■ The problem ■
Would you please copy the part of the material below that opens with the line containing "A sunset photo" and closes with the line containing "Elements of Design"? Copy it exactly, and only it.
[Data for review Boundary: Start]
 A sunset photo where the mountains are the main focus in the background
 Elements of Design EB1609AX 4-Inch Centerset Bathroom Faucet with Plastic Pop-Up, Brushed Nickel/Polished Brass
[Data for review Boundary: End]
[Data for review Boundary: Start]
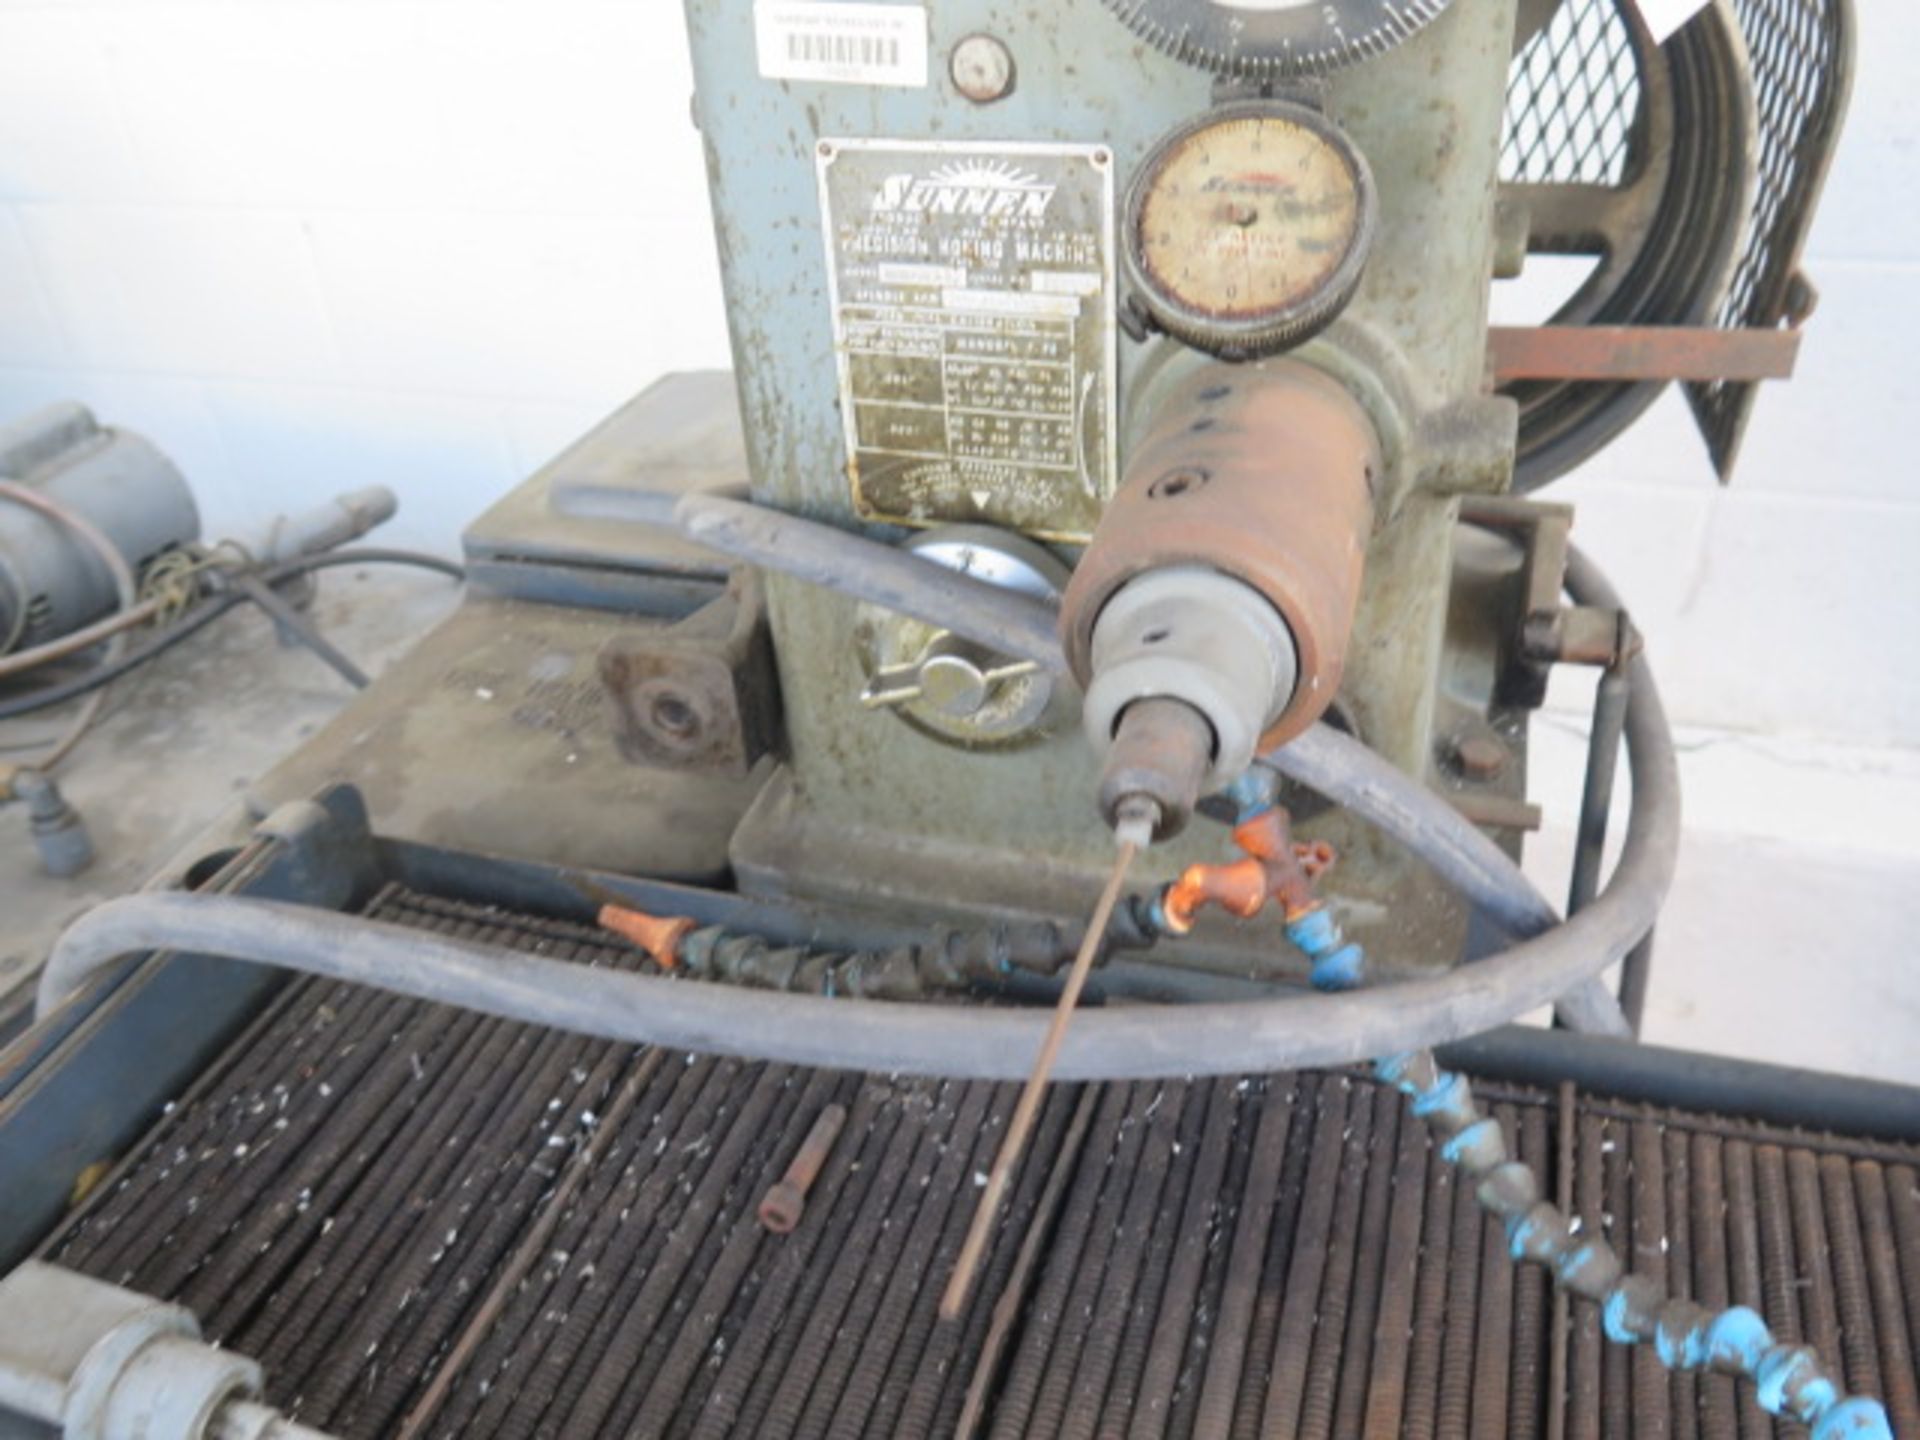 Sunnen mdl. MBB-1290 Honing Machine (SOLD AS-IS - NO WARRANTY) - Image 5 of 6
[Data for review Boundary: End]
■ Solution to this problem ■
 A sunset photo where the mountains are the main focus in the background
 Elements of Design EB1609AX 4-Inch Centerset Bathroom Faucet with Plastic Pop-Up, Brushed Nickel/Polished Brass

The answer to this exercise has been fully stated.